HTMS Tachin was ordered together with HTMS Maeklong and three other small torpedo boats (Klong Yai, Takbai, Kantang) in an agreement between the Royal Siamese Navy and the Japanese Mitsui Bussan Kaisha shipbuilding conglomerate on 13 August 1935. Tachin and Maeklong will be built by Uraga Dock Company at Yokosuka while three torpedo boats will be built by Ishikawajima. Captain Phra Prakobkollakij (นาวาเอก พระประกอบกลกิจ) was assigned as an overseer over shipbuilding project. HTMS Tachin was launched on 24 July 1935 on the same day Maeklong was laid down then commissioned on 26 September 1937 during the reign of young King Ananda Mahidol (Rama VIII) under the care of Regency Council led by Prince Aditya Dibabha.

==Service history==
During the Franco-Thai War, Tachin was assigned to the 2nd Fleet as a leader of the 4th Squadron. Both her and her sister, HTMS Maeklong (Leader of the 2nd Squadron), did not saw any naval action during the brief war with French Indochina both ships took patrols along the Sattahip-Ream-Prachuap Khiri Khan route.
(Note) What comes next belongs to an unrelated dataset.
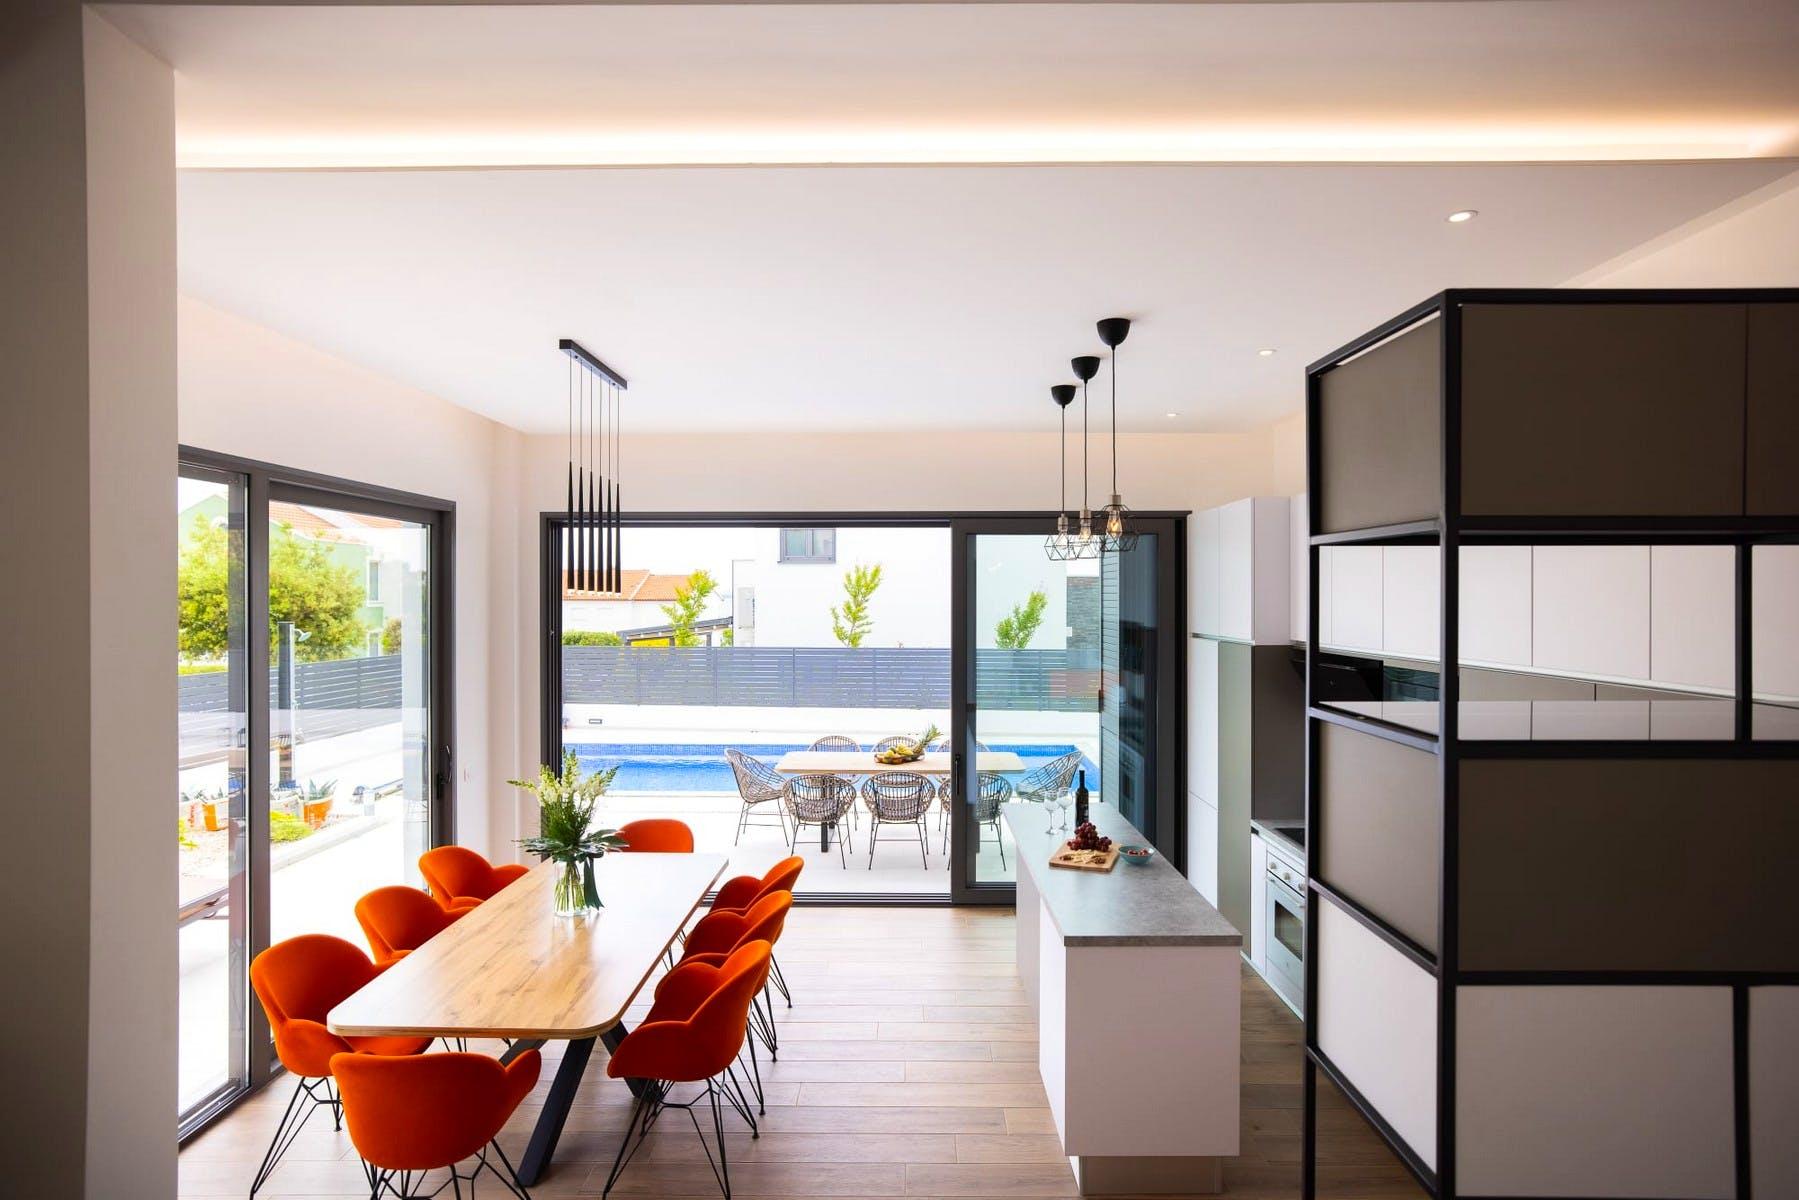 Modern interior design enhanced by colorful details

In December 1941 during the Japanese Invasion of Thailand Tachin and Maeklong is ordered by telegram to maintain their positions at Ko Phai, Chonburi.

She was rearmed with two single Japanese 40mm Type-BI anti-aircraft gun mounts in place of her side torpedo tubes and one twin 40mm Type-BI gun mount replacing the midship seaplane storage area.
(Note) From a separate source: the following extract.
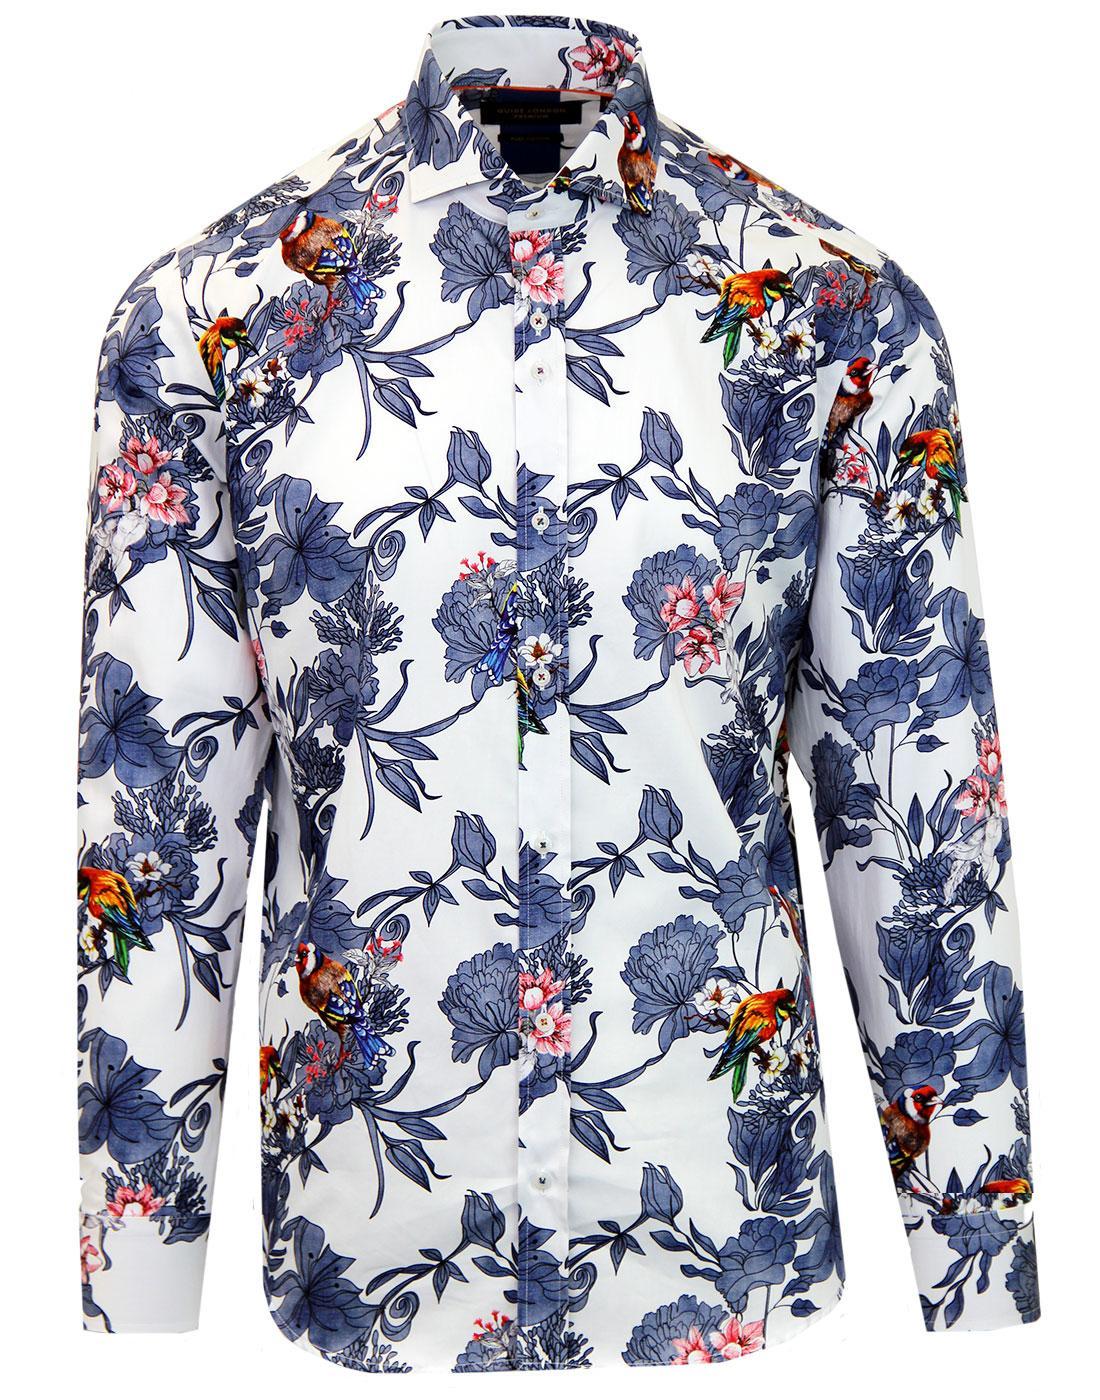 GUIDE LONDON Retro Mod Floral Bird Print Shirt

On 1 June 1945, while at Sattahip Bay, Tachin was badly damaged by RAF B-24 Liberator bombers from No.99 Squadron and No. 159 Squadron (RAAF members of the mission includes PO R. R. Temple-Smith, PO Trevor De Nett, PO A. W. Hanmer and PO M. C. Mazengarb) flying from Digri Airbase in Bengal, British Raj. The raid consisted of 10-15 (or 23) bombers attacking moored ships between islands around Sattahip Bay. One 1000 lbs bomb hit Tachin on her starboard side, crippling the main engine room and penetrates the floor into the water below then exploded under the water. 3 sailors are wounded while another 50 suffered minor injuries. Tachin was flooded through cracks in her seam, with the engine room disabled. Another civilian ship in the area, S.S.Suddhadip (เรือสุทธาทิพย์) with fuel drums as her cargo survives the initial level-bombing from the British Liberators but finally sunk from another skip-bombing attack run. In the same day, the ex-Royal Yacht HTMS Angthong (Renamed from Maha Chakri) was also attacked and sunk at Sattahip. The Royal Thai Navy tried to repair Tachin, but the damage proved to be greater than originally anticipated. Finally, Tachin was decommissioned in 1945 and broken up.